Investors continue to back the Chicago-based firm's Asian Opportunity Fund series despite Mark Gabbay's departure as key man.

LaSalle Investment Management has secured more than $1 billion for its sixth pan-Asian opportunistic fund, PERE has learned.

The Chicago-based firm is targeting $1.5 billion for the LaSalle Asia Opportunities Fund VI, according to an investment report submitted during the Arkansas Teachers’ Retirement System meeting on September 27. That would make it the largest for the series since LAOF III, which closed on $1.9 billion amid the global financial crisis.

Gabbay: will not be key man for the first time in the history of the Asia Opportunity Fund series.

LAOF VI will also be the first in the series not to include Mark Gabbay as a key man since he joined LaSalle as chief investment officer of Asia-Pacific in 2010.

Gabbay was elevated to global chief executive at the beginning of the year. His new focus on the overall business means he could not dedicate the amount of time to the fund required by LaSalle’s key person provision, according to the report prepared by the consultancy Townsend Group.

Marc Montanus, fund manager for the LAOF series and fellow key person for LAOF V, will keep the title for LAOF VI. Joining him as key persons will be Asia-Pacific co-CIOs Kunihiko Okumura and Claire Tang, as well as senior managing director Yen Tjin Chan.

Meanwhile, Gabbay will remain the key man for LAOF IV and V as they wind down. Fund IV has just two assets left to exit and is poised for a net return of 28 percent. Fund V recently completed its investment period and is on track for a net IRR of 16.7 percent.

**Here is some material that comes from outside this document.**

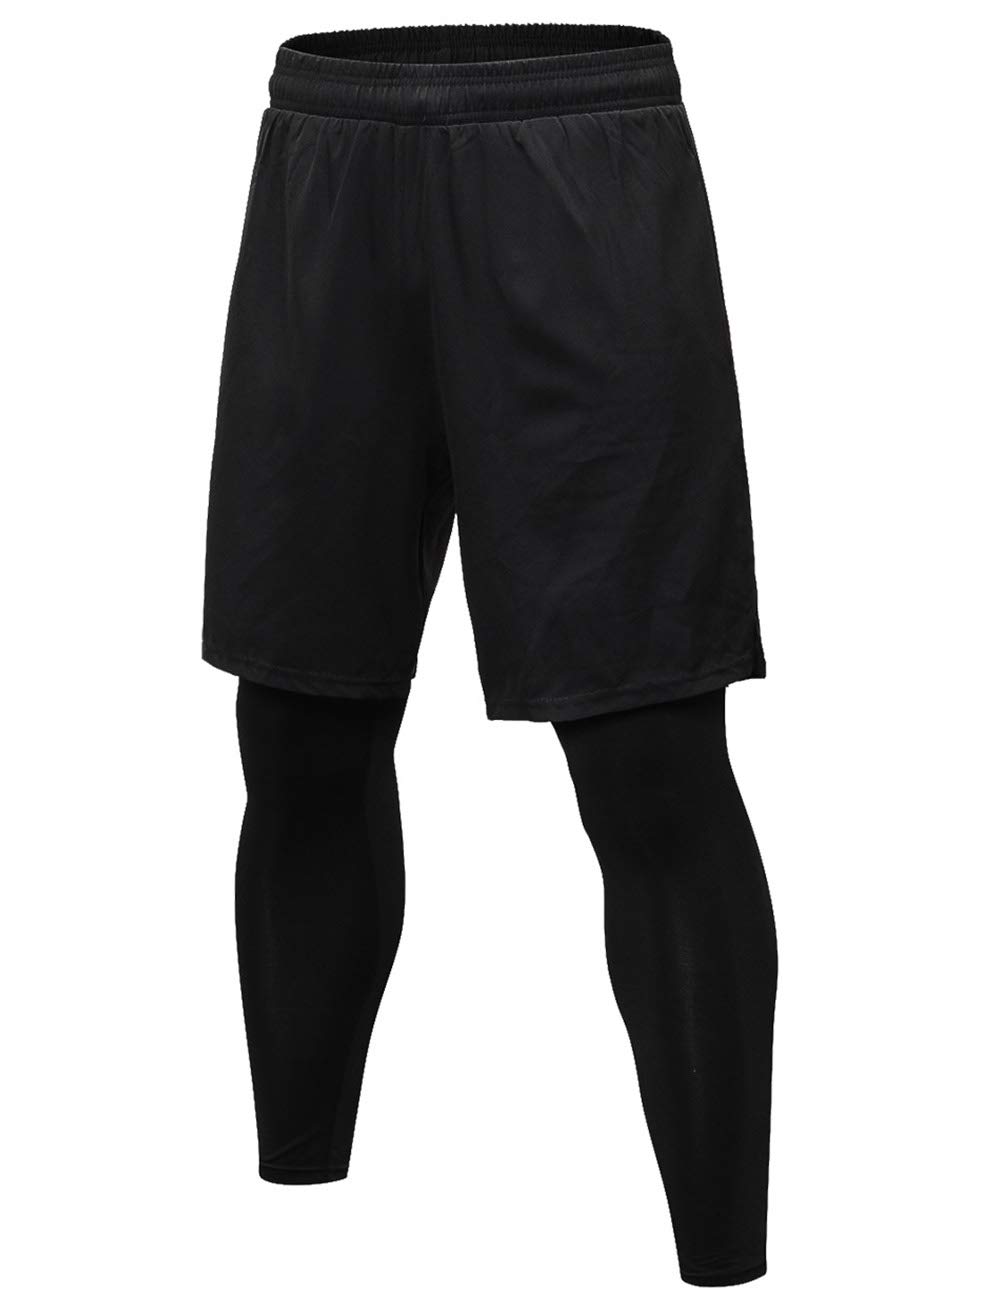 Toptie Men's Long Sleeve Compression Shirt, Athletic Workout Base

Gabbay has drawn praise for how he ran those vehicles and rebuilt both the opportunistic fund series and the Asia-Pacific business as a whole coming out of the GFC. The 2007-vintage LAOF III ultimately generated a net IRR of 0.3 percent, according to the Townsend report.

LaSalle says Gabbay will remain focused on the region and on LAOF VI from his perch as global CEO.

Strong start

Gabbay’s departure from the key man role does not seem to have dampened investors’ enthusiasm for the strategy.

LaSalle held a founding close of $600 million for LAOF VI over the summer, with commitments of $150 million each from four investors – a Middle East sovereign wealth fund, an Asian sovereign wealth fund and two US public pensions, according to the Townsend report. Since then, the firm has raised another $435 million for the vehicle.

The fund was slated to have a first close in late September, according to the meeting document. It will target an 18 percent net IRR over an eight-year fund life with a cap of 70 percent leverage. The document did not disclose an anticipated final close date.

As with its predecessors, LaSalle will seek to deploy LAOF VI in the region’s most stable countries. Japan is the largest target market with an intended allocation of 30-40 percent of the fund. China is next at 20-30 percent followed by Australia, South Korea and Singapore.